▸ Work item
From the line containing "Eiffelturm oder Tour" down to the line containing "Atluck Creek durch", copy out the entries below exactly, both lines included, and nothing else; pictures do not belong in the copy.

▸ Records provided
::::::::

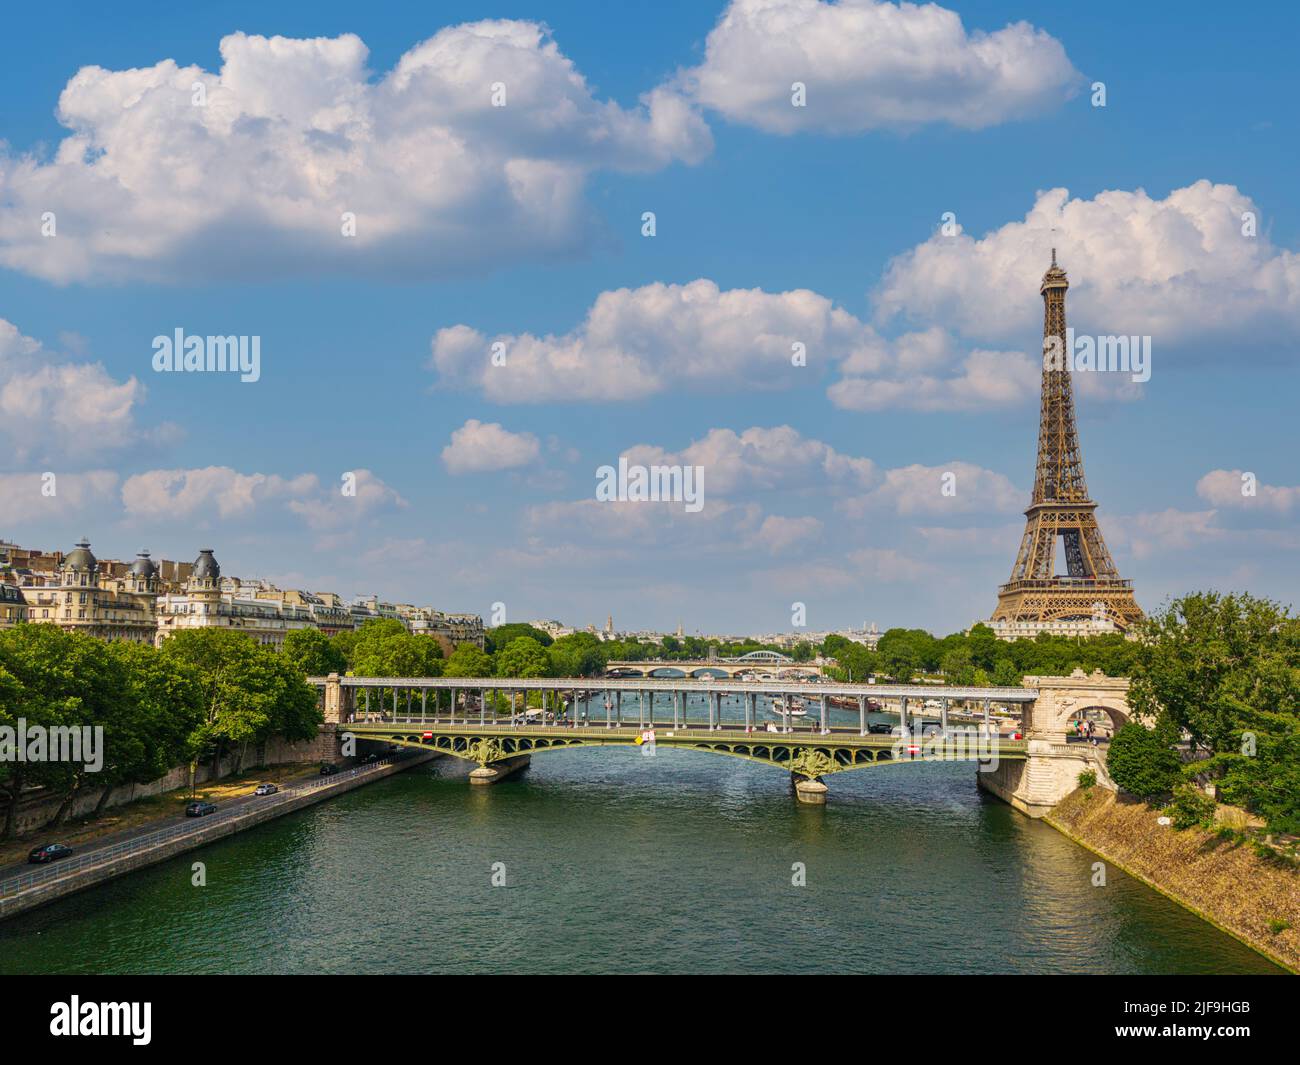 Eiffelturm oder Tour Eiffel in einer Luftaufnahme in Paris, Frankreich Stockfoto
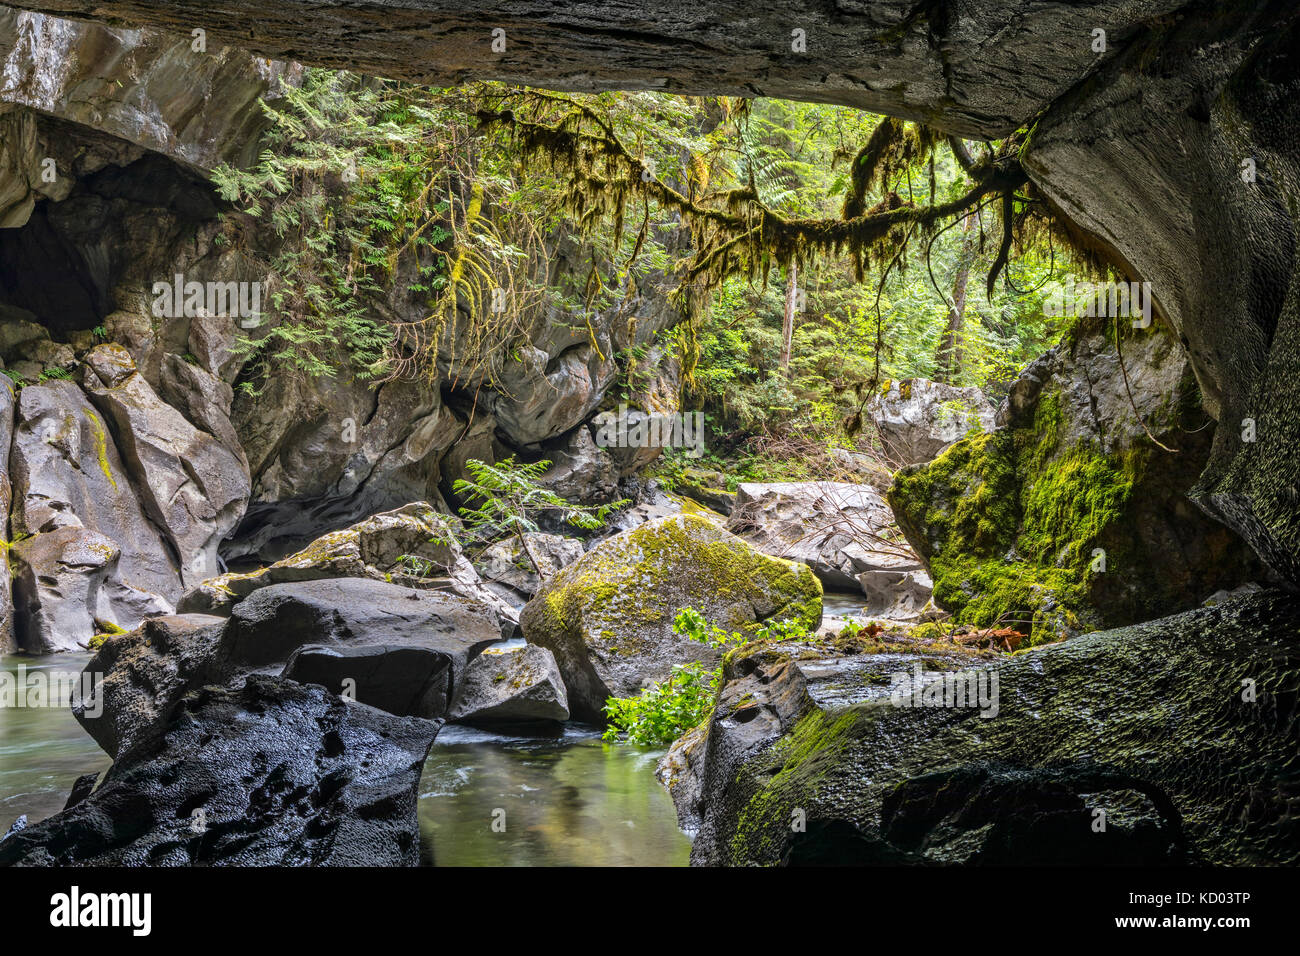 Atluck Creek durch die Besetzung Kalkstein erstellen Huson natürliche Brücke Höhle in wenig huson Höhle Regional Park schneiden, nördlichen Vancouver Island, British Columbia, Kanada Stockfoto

::::::::

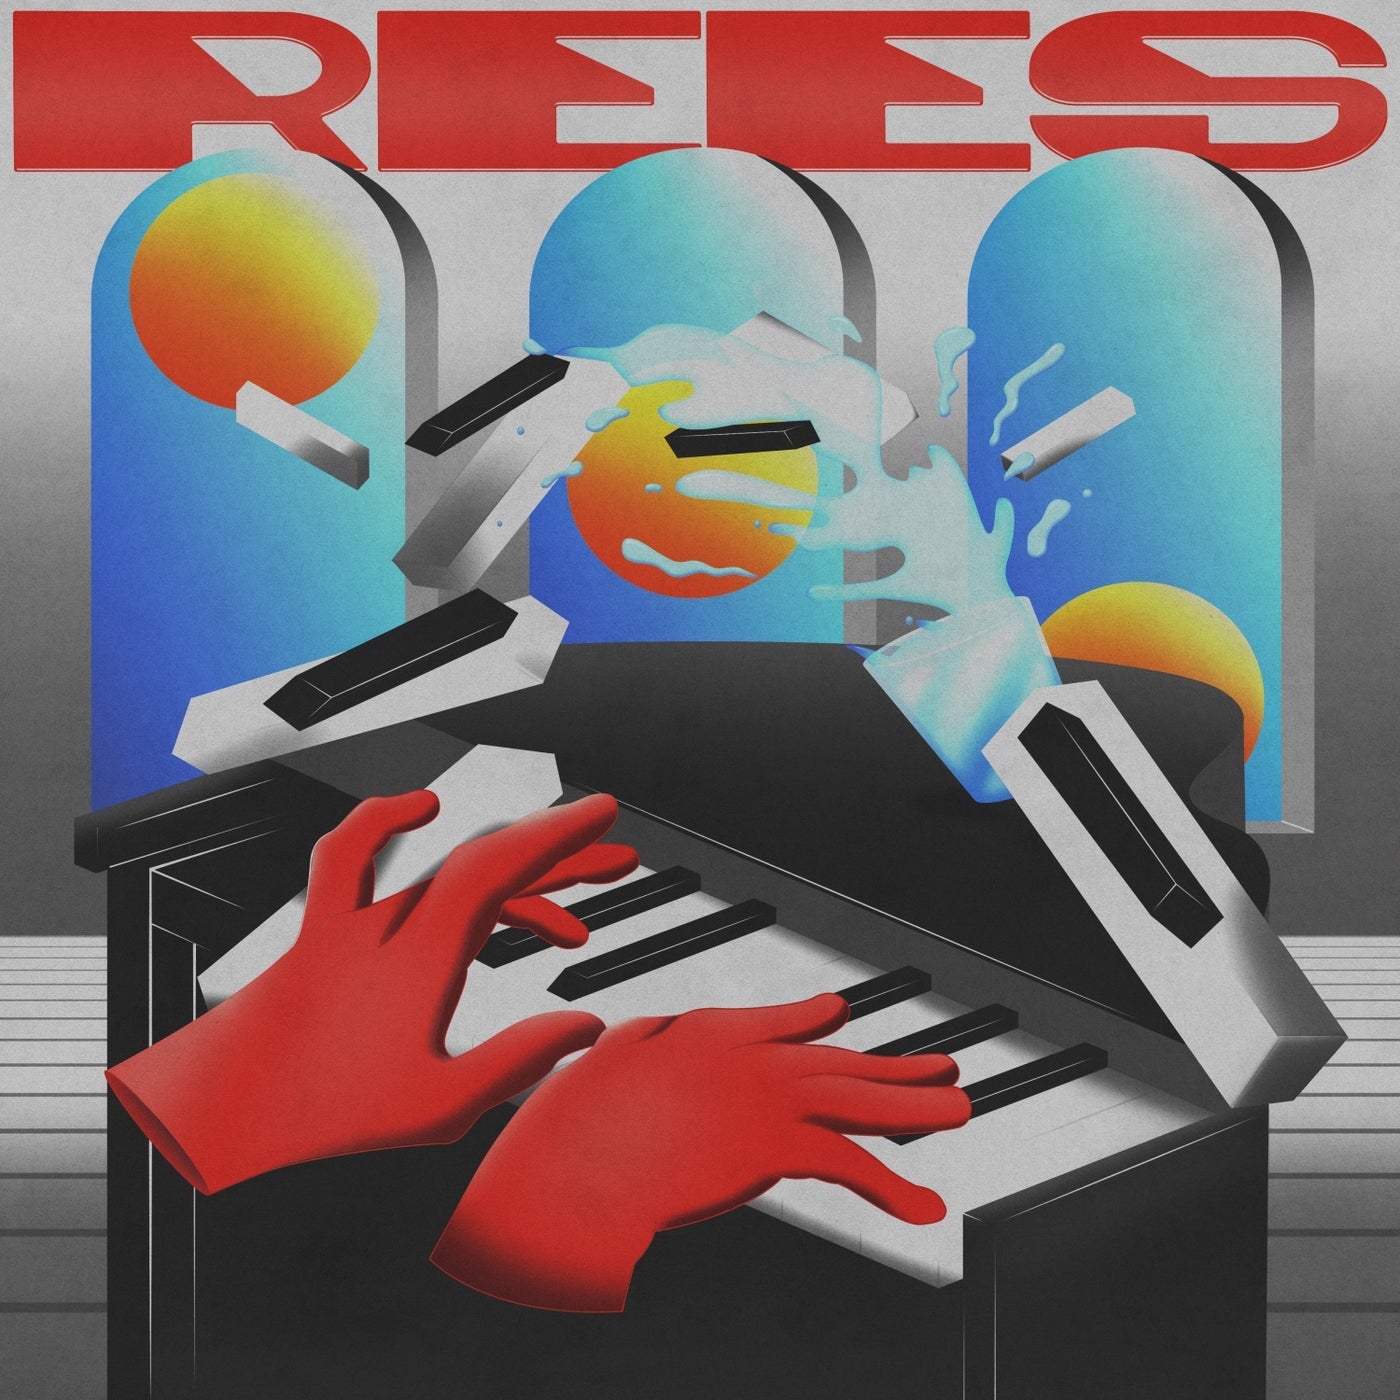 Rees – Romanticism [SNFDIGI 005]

::::::::

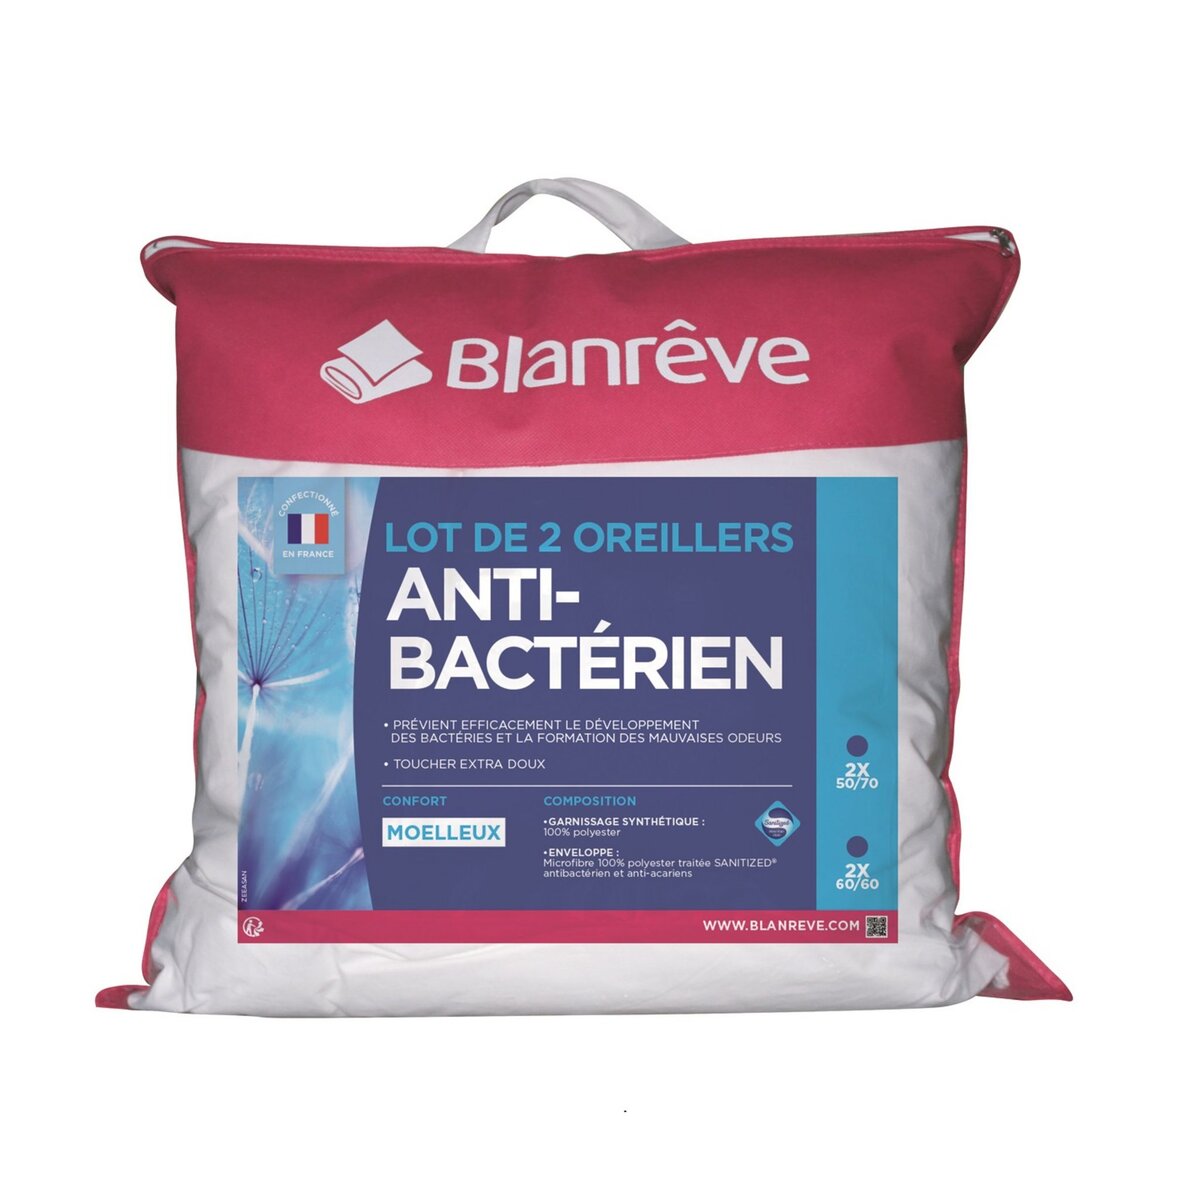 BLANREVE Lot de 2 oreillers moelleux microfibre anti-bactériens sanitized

::::::::

▸ Solution
 Eiffelturm oder Tour Eiffel in einer Luftaufnahme in Paris, Frankreich Stockfoto
 Atluck Creek durch die Besetzung Kalkstein erstellen Huson natürliche Brücke Höhle in wenig huson Höhle Regional Park schneiden, nördlichen Vancouver Island, British Columbia, Kanada Stockfoto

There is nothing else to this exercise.